= William Wilson (architect) =

English architect, builder and sculptor (1641–1710)

Sir William Wilson (1641 – 3 June 1710) was an English architect, builder and sculptor.

==Biography==
===Early life===
Born in 1641 in Leicester, he was the son of a baker. In his early life, it is believed that he served an apprenticeship with a statuary mason. It is also claimed that he studied under Sir Christopher Wren at the University of Oxford where he learned to become an architect. He moved to work in Sutton Coldfield in the historic county of Warwickshire after studying.

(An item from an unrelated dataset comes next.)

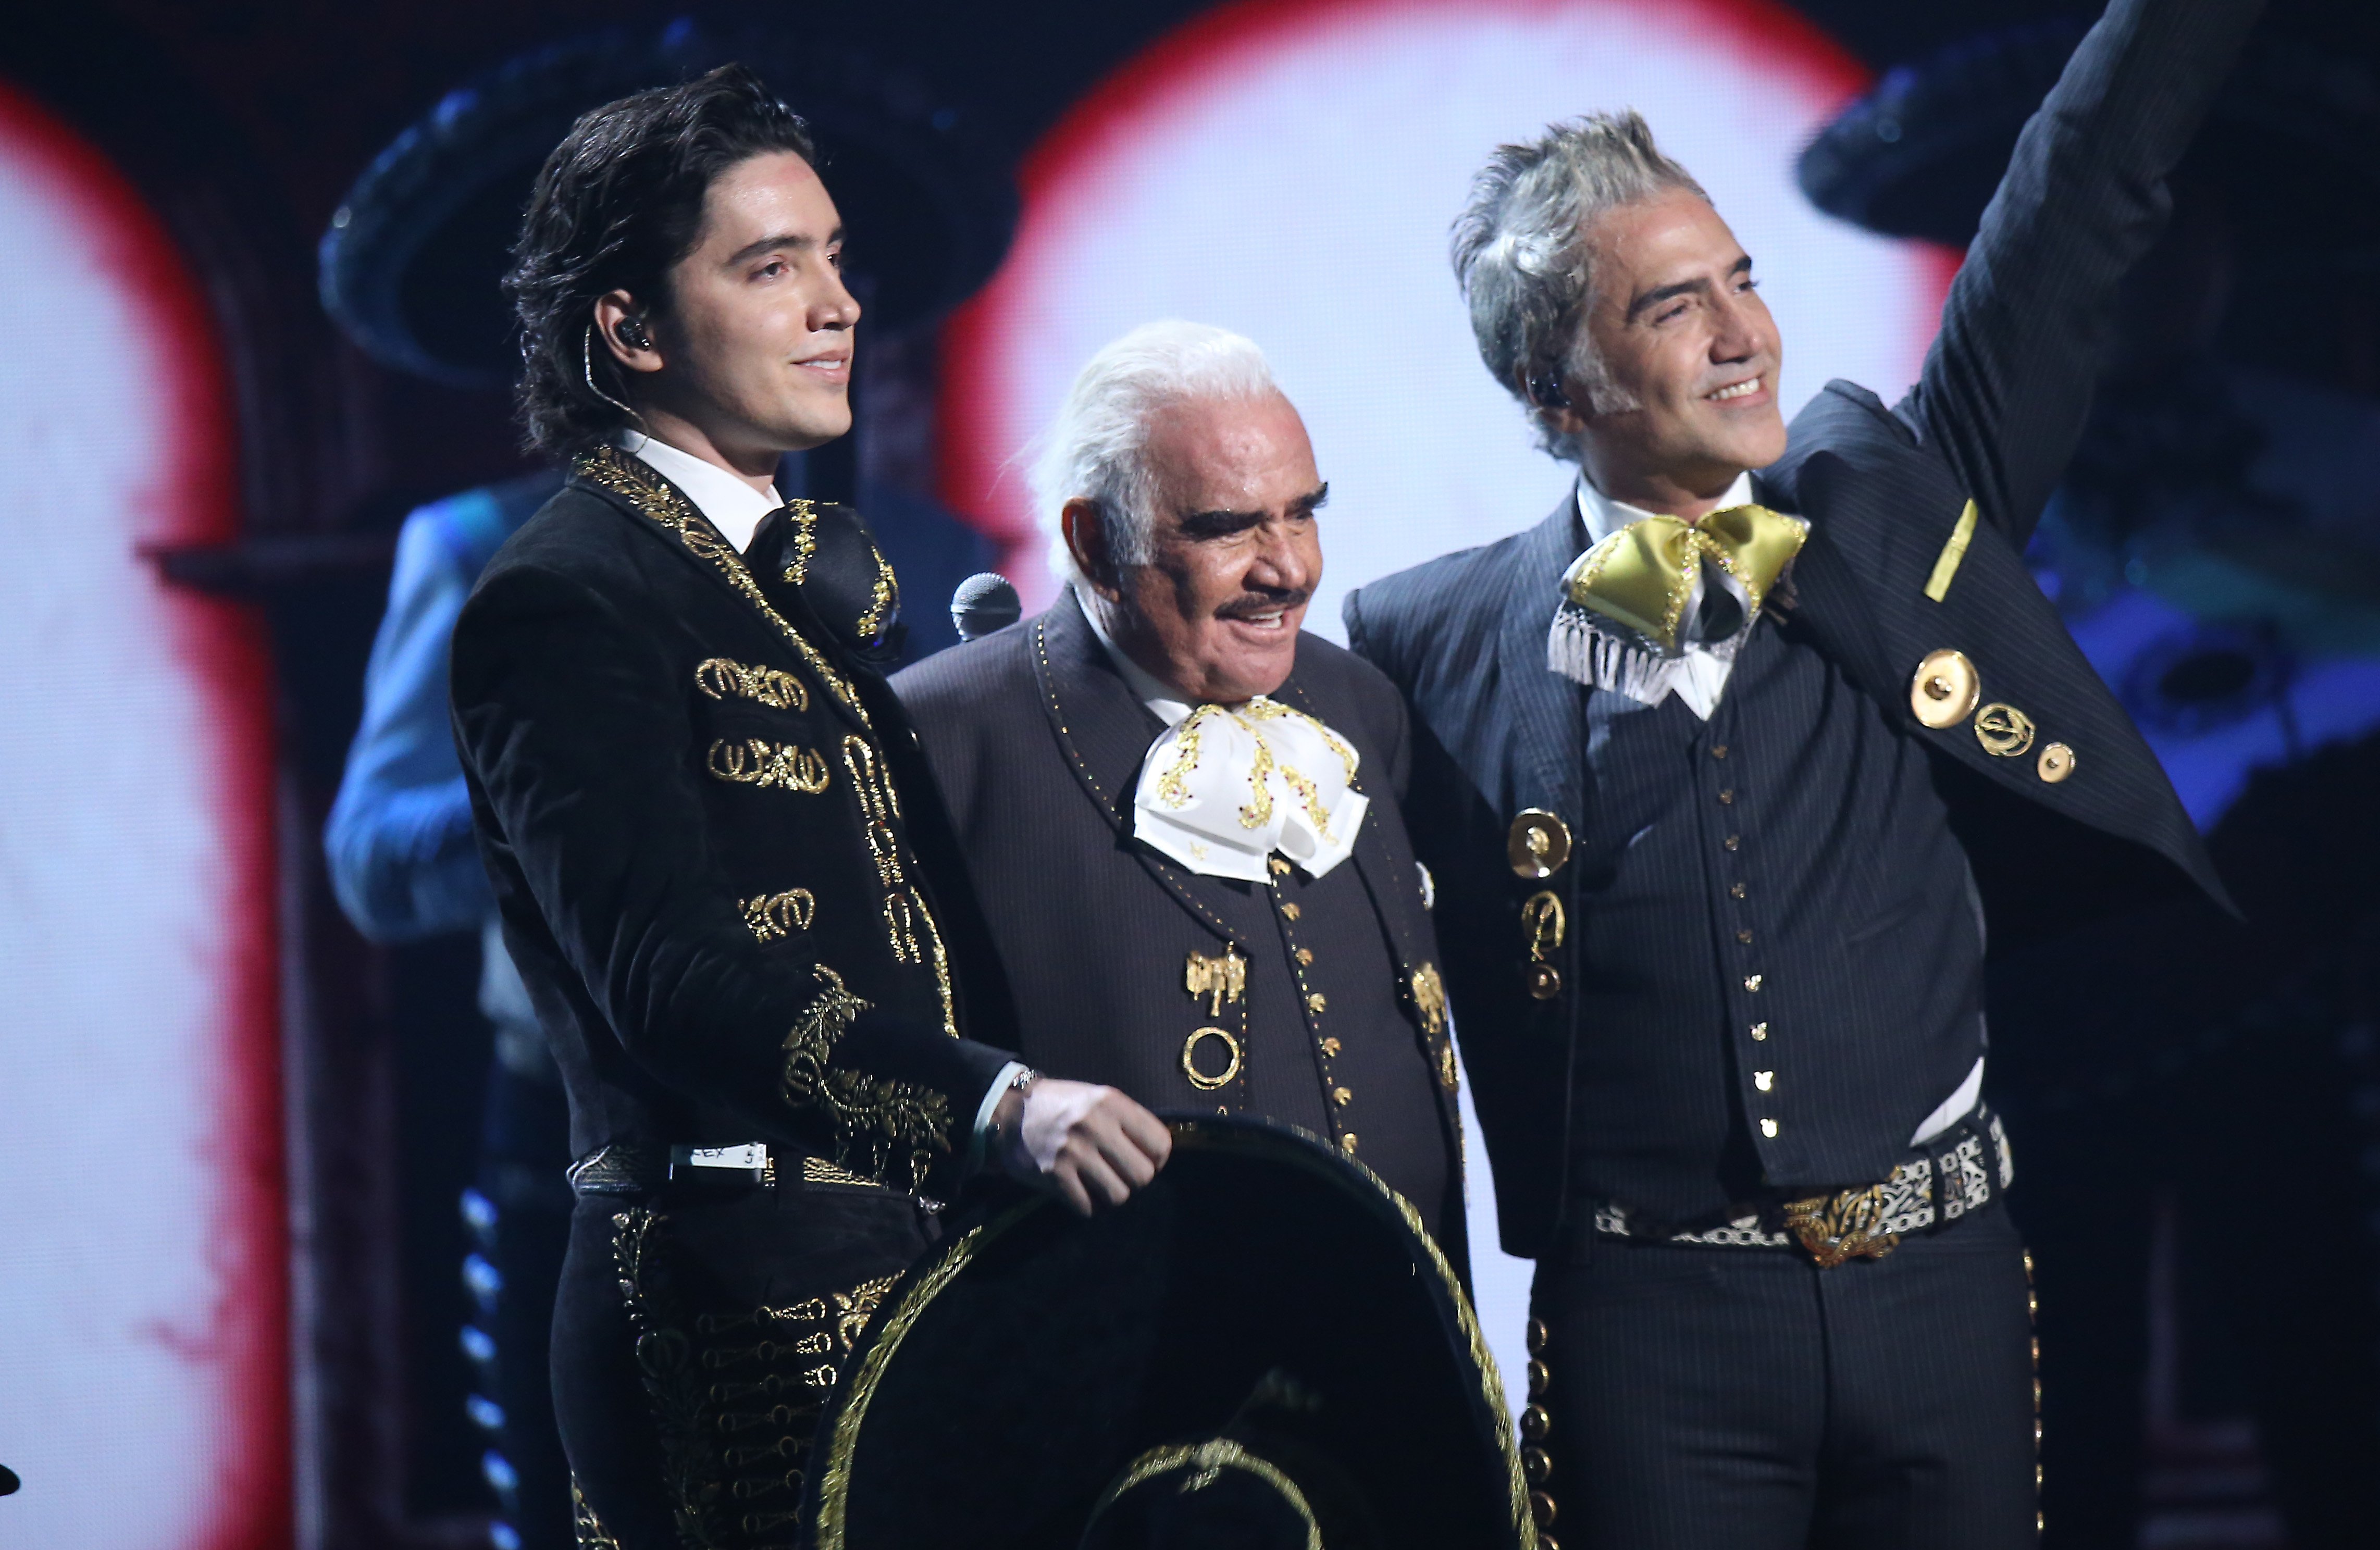 Alex Fernández, Vicente Fernandez, and Alejandro Fernández at the 20th Annual Latin Grammy Awards in Las Vegas on November 14, 2019 | Source: Getty Images

His first work was Peddimore Hall in Sutton Coldfield. William Wood commissioned Wilson to design the house which was completed in 1659. Wilson was then appointed to carve a statue of King Charles II for the west front of Lichfield Cathedral in 1669. In the following year, he carved an entrance porch for Sudbury Hall in Derbyshire and in 1671, he carved family monuments for the Wilbraham family at Weston Church in Staffordshire. On 11 March 1682, at Masons Hall, London, he was initiated into the Acception, an exclusive lodge of accepted Masons. In 1689, Wilson worked at Nottingham Castle to carve an equestrian statue of William, Duke of Newcastle-upon-Tyne.

===Career, knighthood, and marriage===
In 1677, Jane Pudsey commissioned him to create a monument to her dead husband. When completed, it was placed in Sutton Coldfield Church. Whilst carving the monument, Wilson developed a relationship and eventually fell in love with Jane Pudsey, who had been left widowed following the death of her husband, Henry Pudsey. She was forced to leave Langley Hall as she no longer possessed the house. During the relationship with Jane Pudsey, Wilson designed and constructed Moat House on the Lichfield Road in Sutton Coldfield. Here the couple lived after its completion in 1680. As a result of her influence in the courts, she secured a knighthood for him in 1681, and shortly after, married him. The gatehouse at 14 Lichfield Road, next to Moat House, has been attributed to William Wilson and was built around 1680.

In 1693, Wilson was commissioned to design and build Sir John Moore's Grammar School in Appleby Parva, Leicestershire. This was completed in 1697, and he then set to work on two allegorical statues above the porch to Castle Bromwich Hall, which was owned by Sir John Bridgeman, in Warwickshire. In the next year, he was appointed by the Crown Commissioners for the reconstruction of St. Mary's Church in Warwick, which had been destroyed by fire in 1694.

===Final years===
One of Wilson's last major works was Four Oaks Hall in the Four Oaks area of Sutton Coldfield. Jane Pudsey's daughter, Elizabeth Pudsey, married an Irishman named Lord Ffolliot. Lord Ffolliot asked William Wilson to design the hall in the late 17th century. The hall was demolished in 1898.

In Church Gresley, Derbyshire, Wilson carved a monument dedicated to Sir Thomas Gresley, 2nd Baronet of Drakelow for St George and St Mary's Parish Church. His last work was commissioned in 1708 by King Edward's Grammar School in Birmingham, for which he carved a statue of King Edward VI.

He died on 3 June 1710, after his wife had died. He requested that he be buried in the Pudsey vault, alongside his wife, however, this caused controversy and, as a result, he bought a plot of land adjacent to the vault for his burial place. After his death, the church built a vestry over his grave so that his grave was inside the church.